Sagar Patel: All right. So I think I got two take-home points. I think one, just to summarize REVELUTION and what we're excited about, just to reiterate, I think we're excited because it's a mechanistic trial. It's, to our knowledge, the first that really has shown drug-specific pathway toxicity and the differences between ADT drugs. And our study supports the differences that we're seeing in HERO, which I think is first of its kind. It's needed because there's been a lot of skepticism out in our community regarding the cardiovascular risk differences between the drugs observed in HERO. So that's one. Two, it's the point that you and Avi have made. I think in our clinics, and Zach, you and I can attest to this, our cardiovascular risk is underassessed, undermanaged. So we need to be more aware. We need to utilize our colleagues in cardio-oncology that we fortunately have with Dr. Mandawat at Emory.
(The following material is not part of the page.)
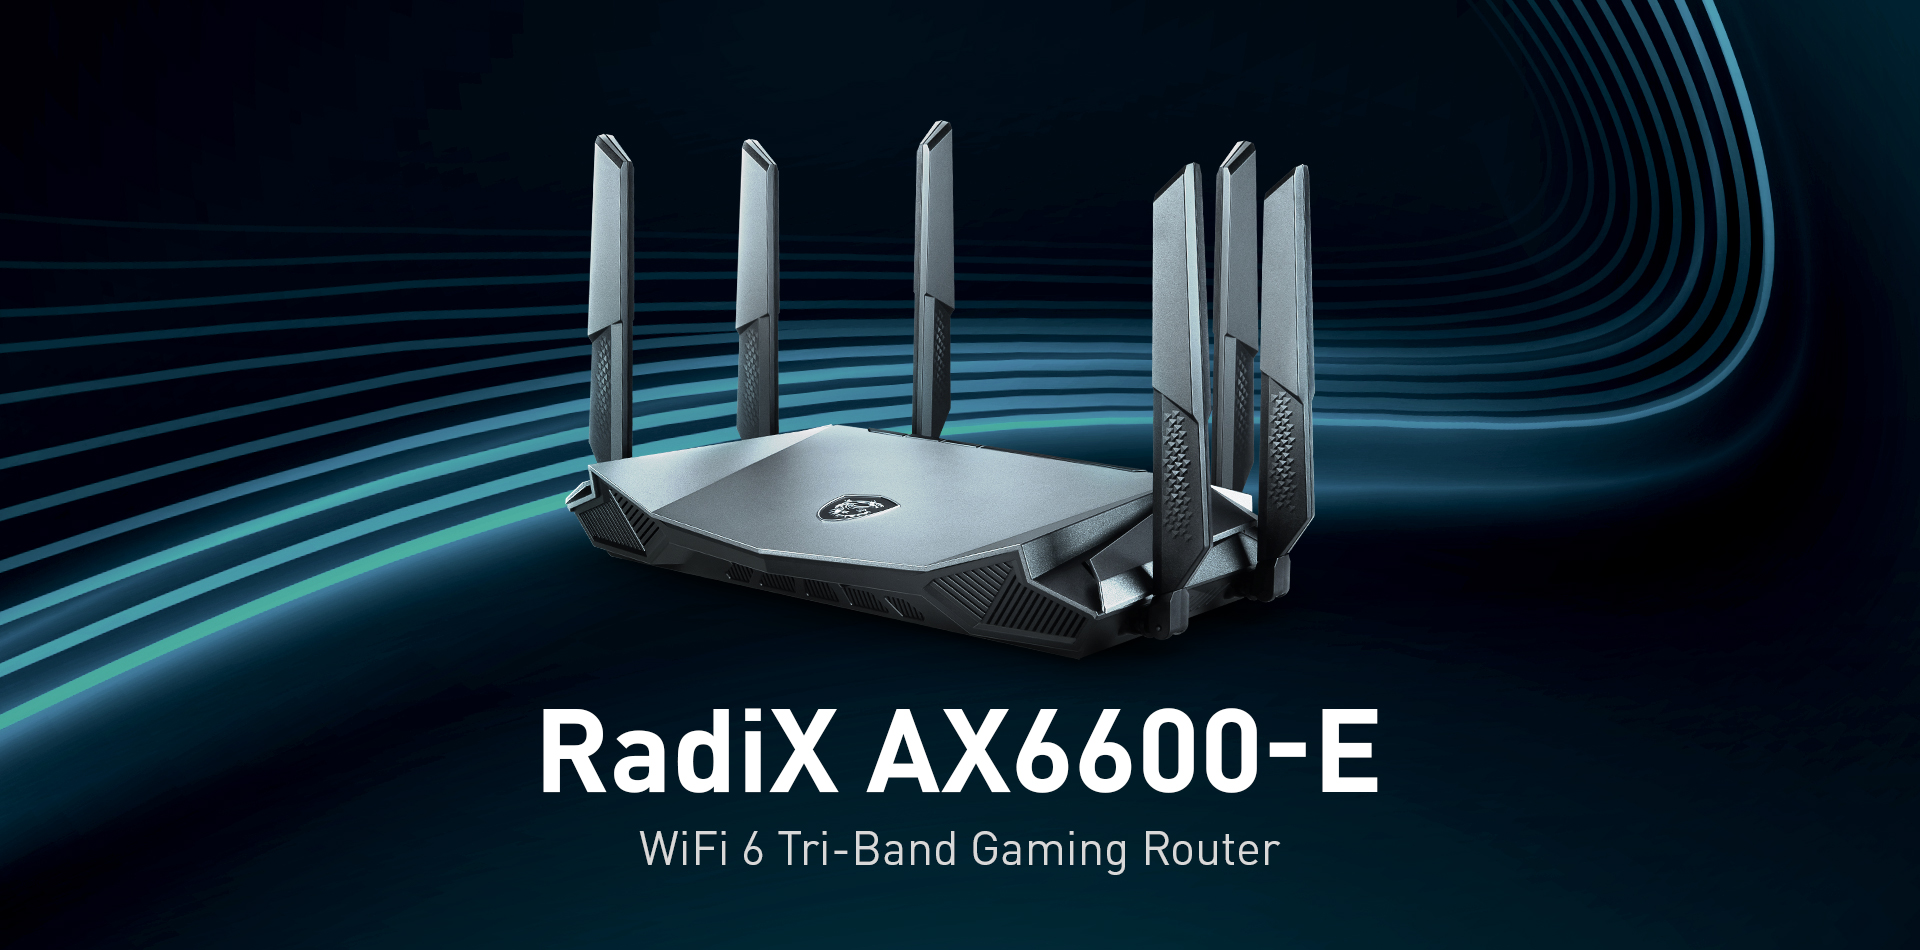 MSI RadiX AX6600 Routeur de jeu tri-bande Wi-Fi 6

You guys have with Dr. Guha at Augusta, and hopefully, more centers are building cardio-oncology programs because, as Avi mentioned, these patients are surviving prostate cancer. We want to minimize that other-cause mortality. And then the third point I do want to add is that I do believe testing the space in the metastatic patients is important. What we've seen, and we've actually published an initial analysis in JACC Advances that the coronary burden seems to be higher in men with higher-risk prostate cancer. So you could extrapolate that perhaps men with metastatic prostate cancer may have the highest baseline cardiovascular risk. So I think testing this concept, assessing cardiovascular risk reduction with drug-specific pathways in the metastatic patients, is important.

Zachary Klaassen: No, that's well said. Great wrap-up. Gentlemen, thank you so much for joining us and educating our UroToday community. Really appreciate your time and expertise.

Sagar Patel: All right. Thanks, Zach.